Give back the full set of entries that follows, exactly as written.

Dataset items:
○ ○ ○

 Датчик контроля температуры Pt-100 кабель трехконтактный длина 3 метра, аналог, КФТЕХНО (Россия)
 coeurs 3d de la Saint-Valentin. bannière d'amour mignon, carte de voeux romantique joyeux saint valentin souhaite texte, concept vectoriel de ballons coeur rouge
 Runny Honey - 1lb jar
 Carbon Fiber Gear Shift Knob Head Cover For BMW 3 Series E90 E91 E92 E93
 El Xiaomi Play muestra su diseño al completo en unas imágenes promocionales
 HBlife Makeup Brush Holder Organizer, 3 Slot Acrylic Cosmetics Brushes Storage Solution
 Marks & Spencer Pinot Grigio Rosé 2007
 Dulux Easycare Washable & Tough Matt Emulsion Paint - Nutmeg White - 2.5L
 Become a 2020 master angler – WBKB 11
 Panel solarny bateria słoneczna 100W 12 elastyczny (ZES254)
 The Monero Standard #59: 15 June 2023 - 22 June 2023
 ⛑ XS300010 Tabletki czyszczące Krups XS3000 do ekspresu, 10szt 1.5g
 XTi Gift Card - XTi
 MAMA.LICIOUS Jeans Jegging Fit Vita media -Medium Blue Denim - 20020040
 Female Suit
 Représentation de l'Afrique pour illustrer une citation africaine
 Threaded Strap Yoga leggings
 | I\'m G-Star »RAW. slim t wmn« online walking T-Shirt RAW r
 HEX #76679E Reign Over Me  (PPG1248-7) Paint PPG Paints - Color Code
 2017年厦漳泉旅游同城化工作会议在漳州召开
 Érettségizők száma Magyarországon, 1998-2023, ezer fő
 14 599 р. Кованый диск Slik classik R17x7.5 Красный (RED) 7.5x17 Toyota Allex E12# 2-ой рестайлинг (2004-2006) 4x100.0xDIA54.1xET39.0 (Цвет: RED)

○ ○ ○

### Task response
 Датчик контроля температуры Pt-100 кабель трехконтактный длина 3 метра, аналог, КФТЕХНО (Россия)
 coeurs 3d de la Saint-Valentin. bannière d'amour mignon, carte de voeux romantique joyeux saint valentin souhaite texte, concept vectoriel de ballons coeur rouge
 Runny Honey - 1lb jar
 Carbon Fiber Gear Shift Knob Head Cover For BMW 3 Series E90 E91 E92 E93
 El Xiaomi Play muestra su diseño al completo en unas imágenes promocionales
 HBlife Makeup Brush Holder Organizer, 3 Slot Acrylic Cosmetics Brushes Storage Solution
 Marks & Spencer Pinot Grigio Rosé 2007
 Dulux Easycare Washable & Tough Matt Emulsion Paint - Nutmeg White - 2.5L
 Become a 2020 master angler – WBKB 11
 Panel solarny bateria słoneczna 100W 12 elastyczny (ZES254)
 The Monero Standard #59: 15 June 2023 - 22 June 2023
 ⛑ XS300010 Tabletki czyszczące Krups XS3000 do ekspresu, 10szt 1.5g
 XTi Gift Card - XTi
 MAMA.LICIOUS Jeans Jegging Fit Vita media -Medium Blue Denim - 20020040
 Female Suit
 Représentation de l'Afrique pour illustrer une citation africaine
 Threaded Strap Yoga leggings
 | I\'m G-Star »RAW. slim t wmn« online walking T-Shirt RAW r
 HEX #76679E Reign Over Me  (PPG1248-7) Paint PPG Paints - Color Code
 2017年厦漳泉旅游同城化工作会议在漳州召开
 Érettségizők száma Magyarországon, 1998-2023, ezer fő
 14 599 р. Кованый диск Slik classik R17x7.5 Красный (RED) 7.5x17 Toyota Allex E12# 2-ой рестайлинг (2004-2006) 4x100.0xDIA54.1xET39.0 (Цвет: RED)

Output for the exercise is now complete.